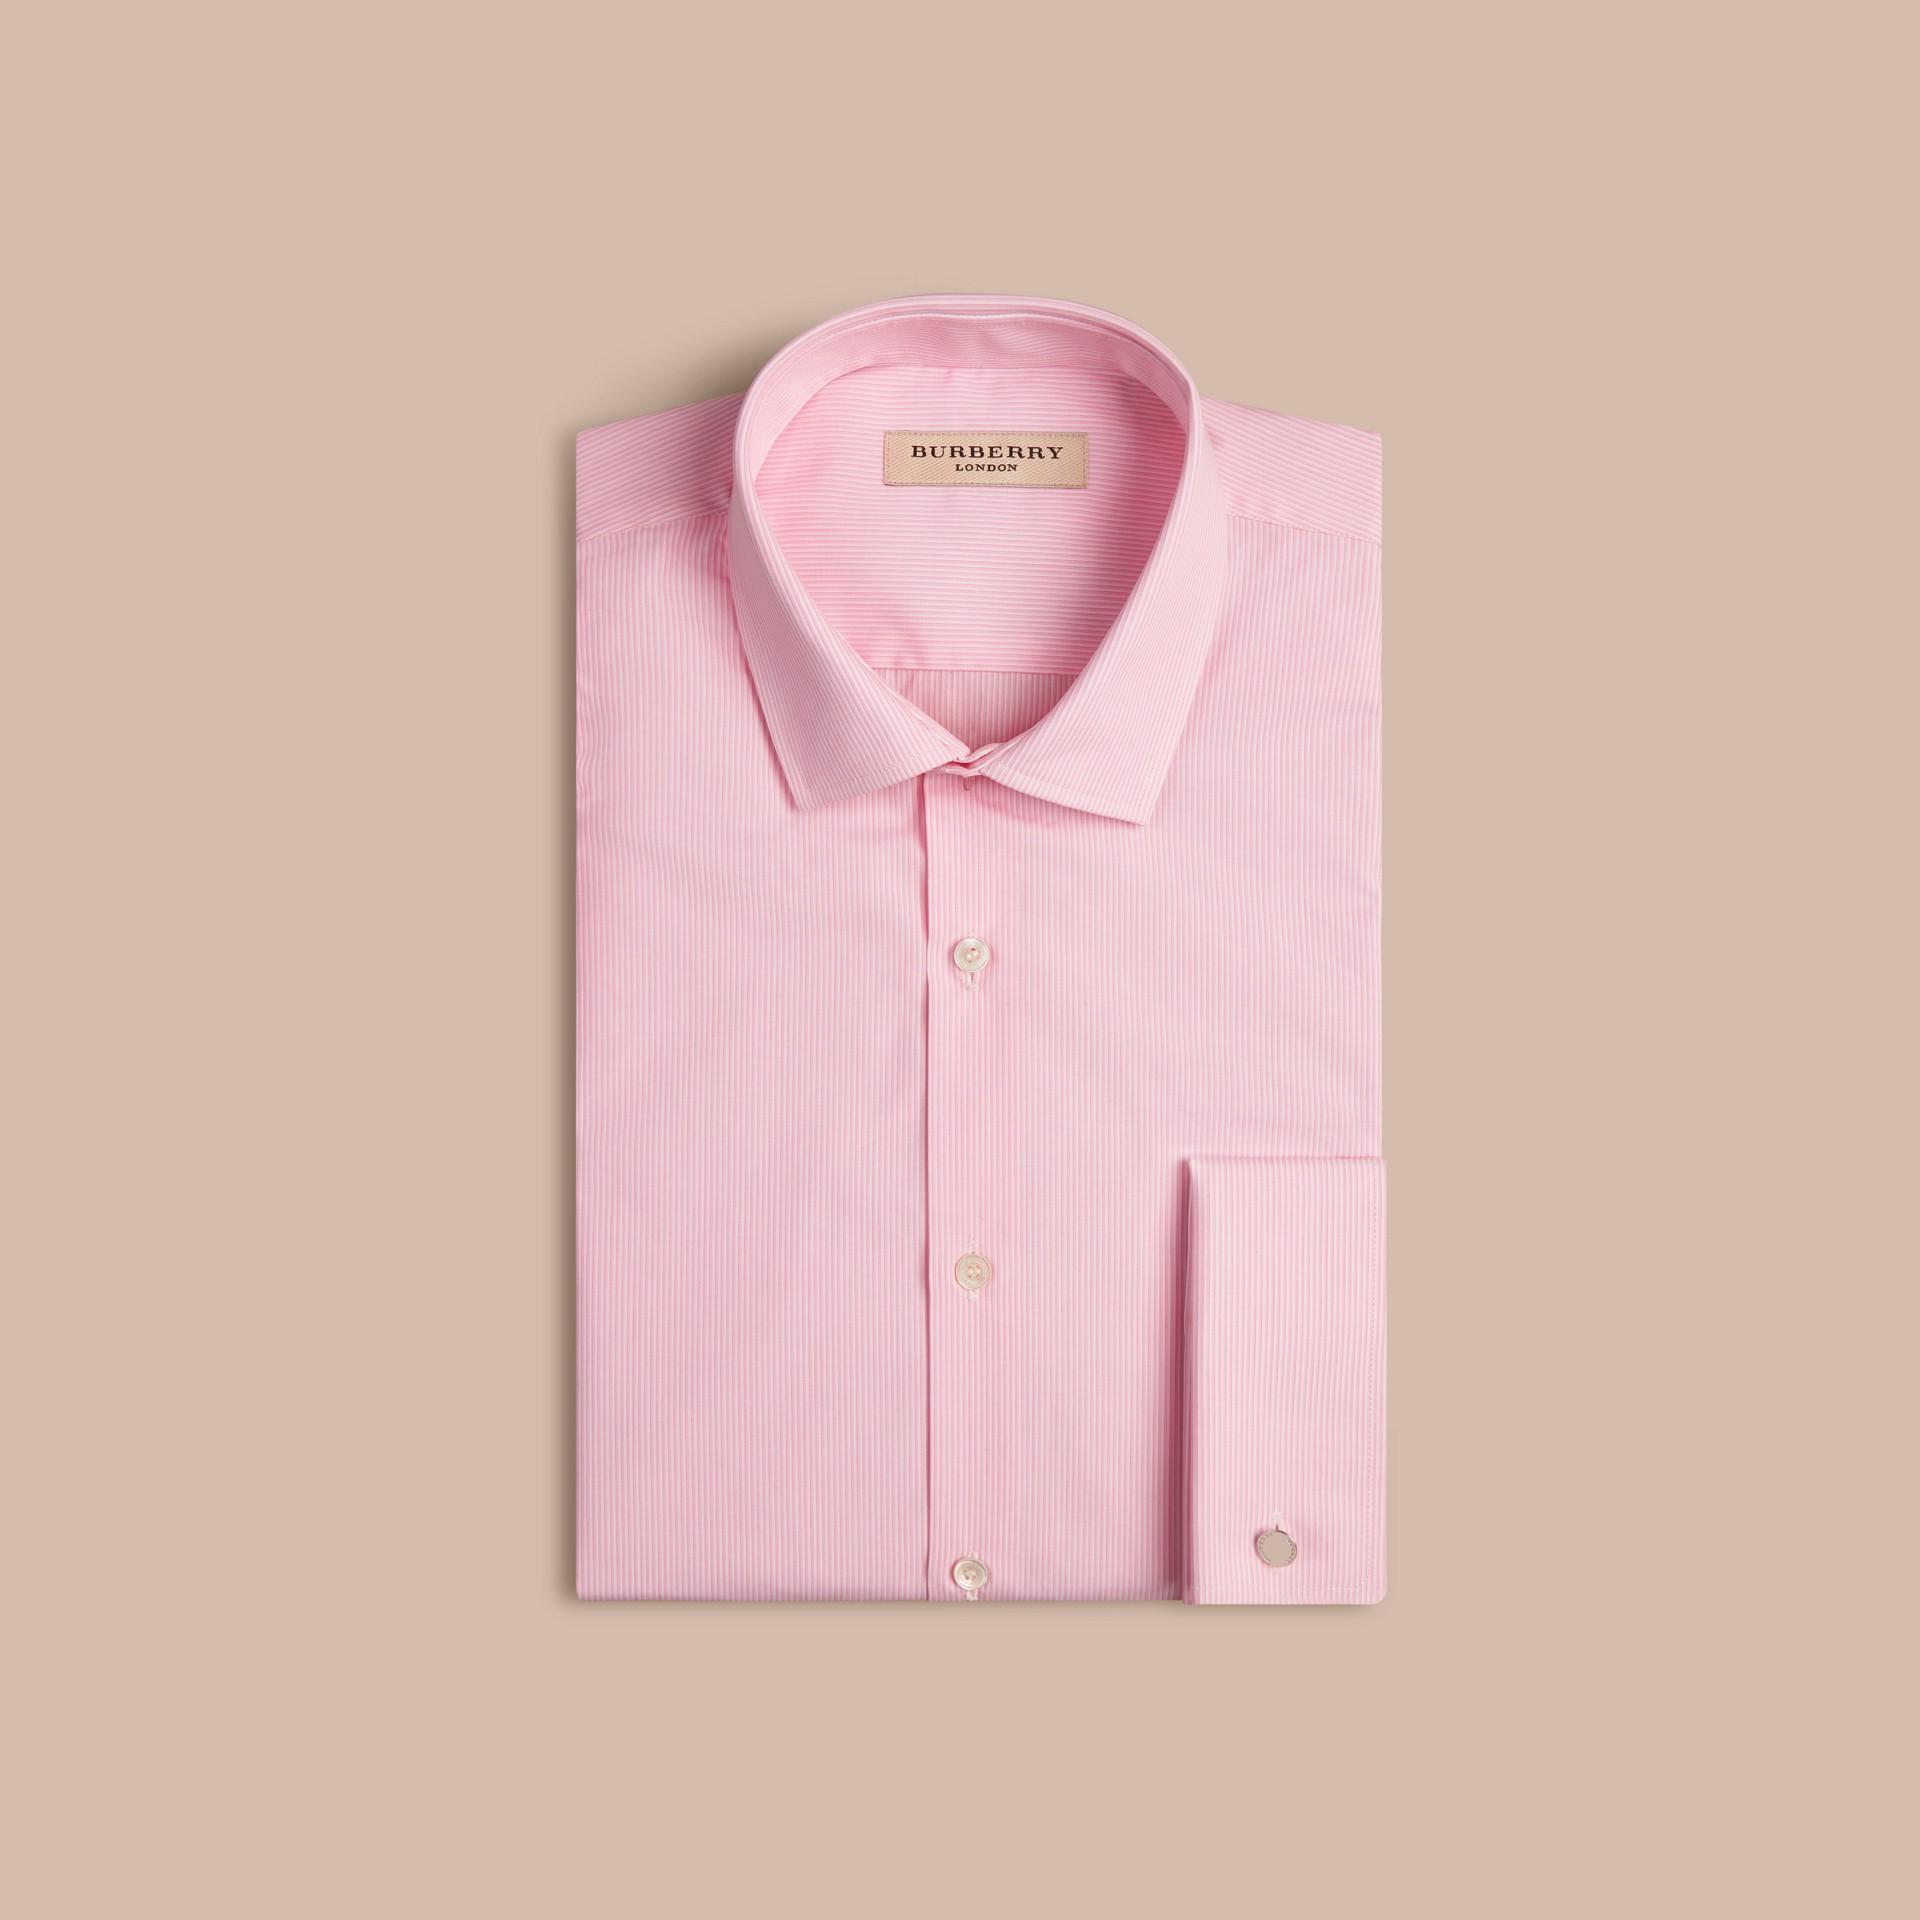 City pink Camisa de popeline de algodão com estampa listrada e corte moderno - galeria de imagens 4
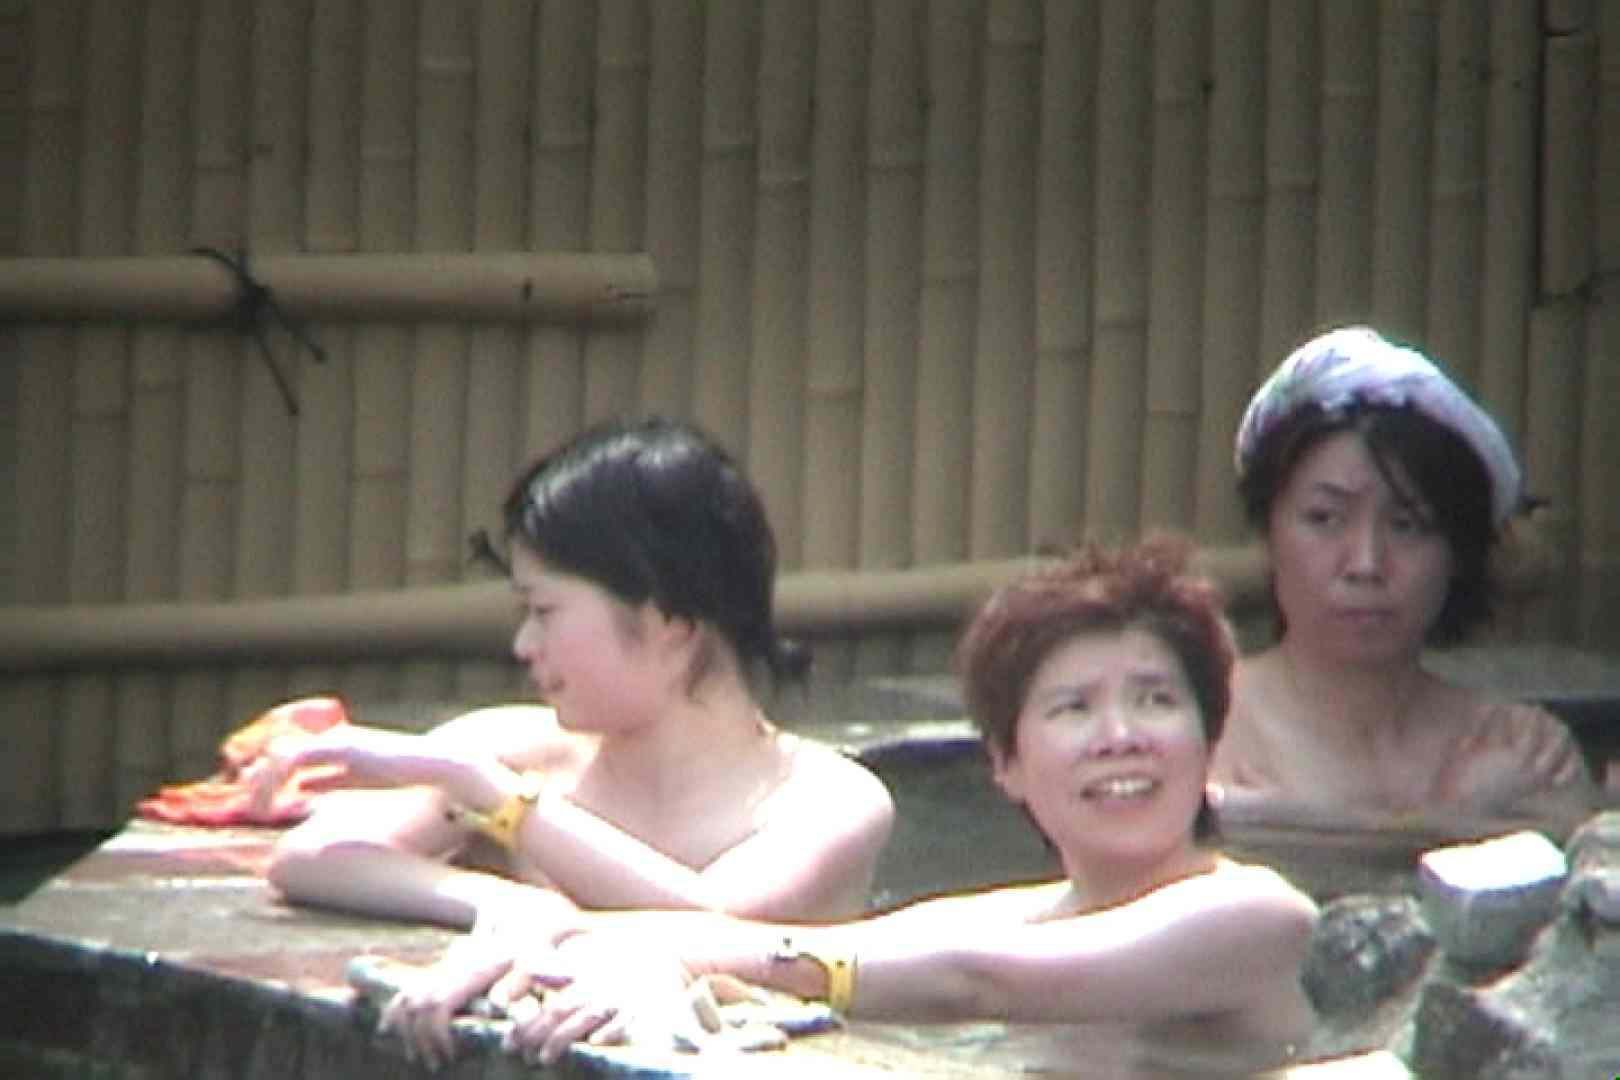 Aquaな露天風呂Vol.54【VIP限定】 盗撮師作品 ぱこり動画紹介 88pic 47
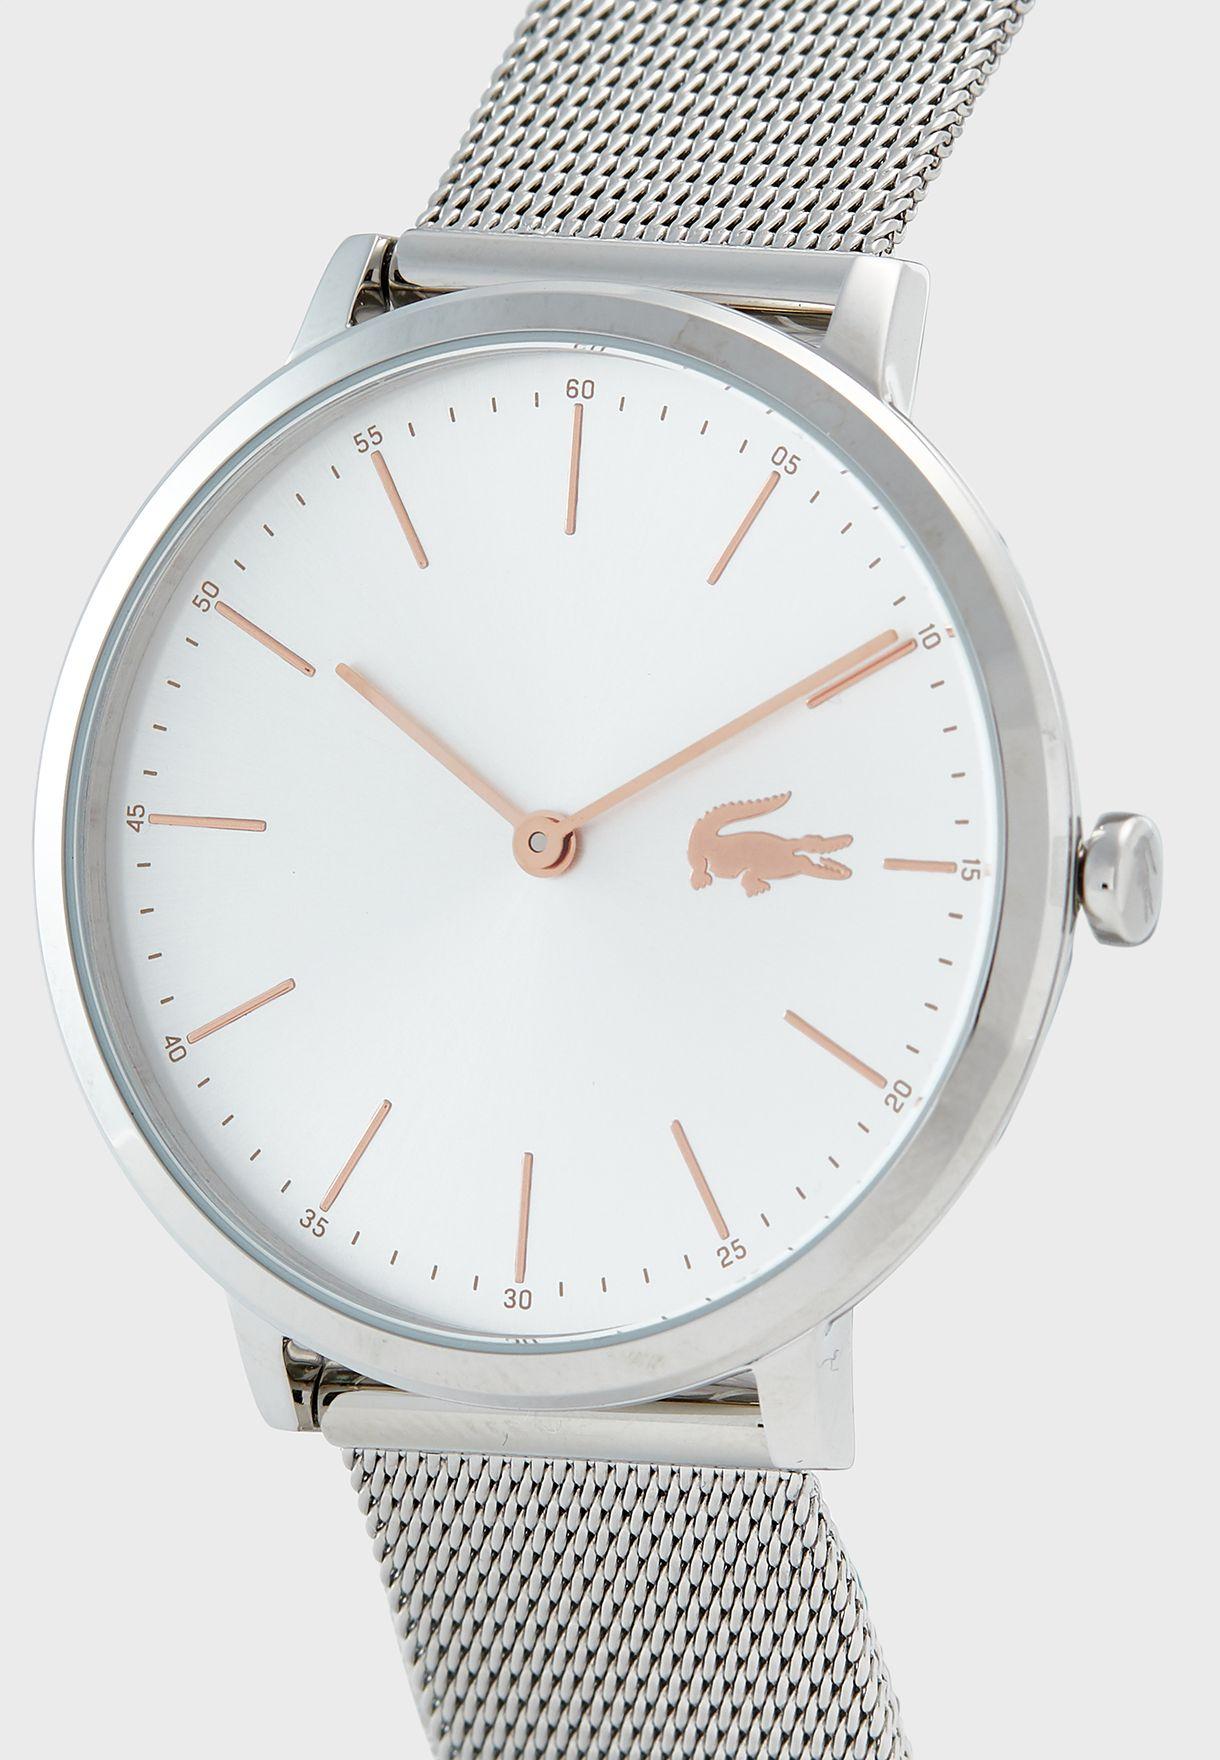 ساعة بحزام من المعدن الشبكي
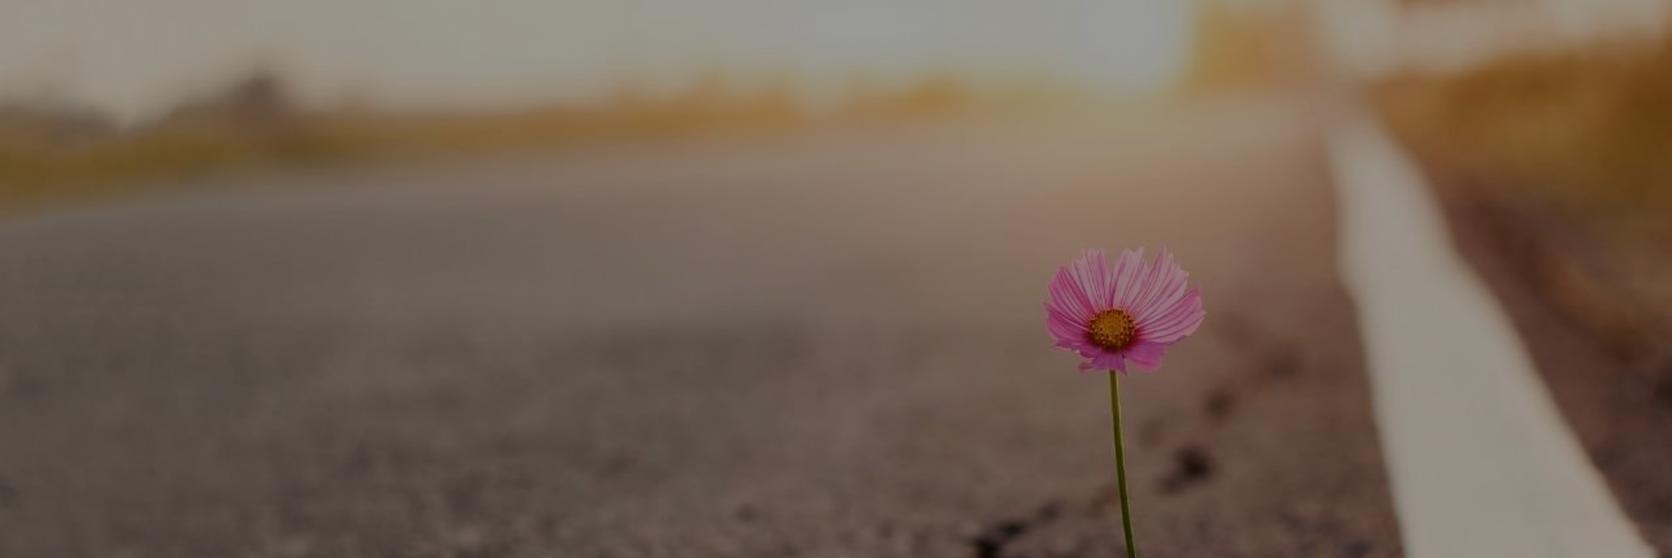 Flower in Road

→ What is being asked:
Give the listing again word for word. Skip any pictures.

→ Task response:
 City pink Camisa de popeline de algodão com estampa listrada e corte moderno - galeria de imagens 4
 Aquaな露天風呂Vol.54【VIP限定】 盗撮師作品 ぱこり動画紹介 88pic 47
 ساعة بحزام من المعدن الشبكي
 Flower in Road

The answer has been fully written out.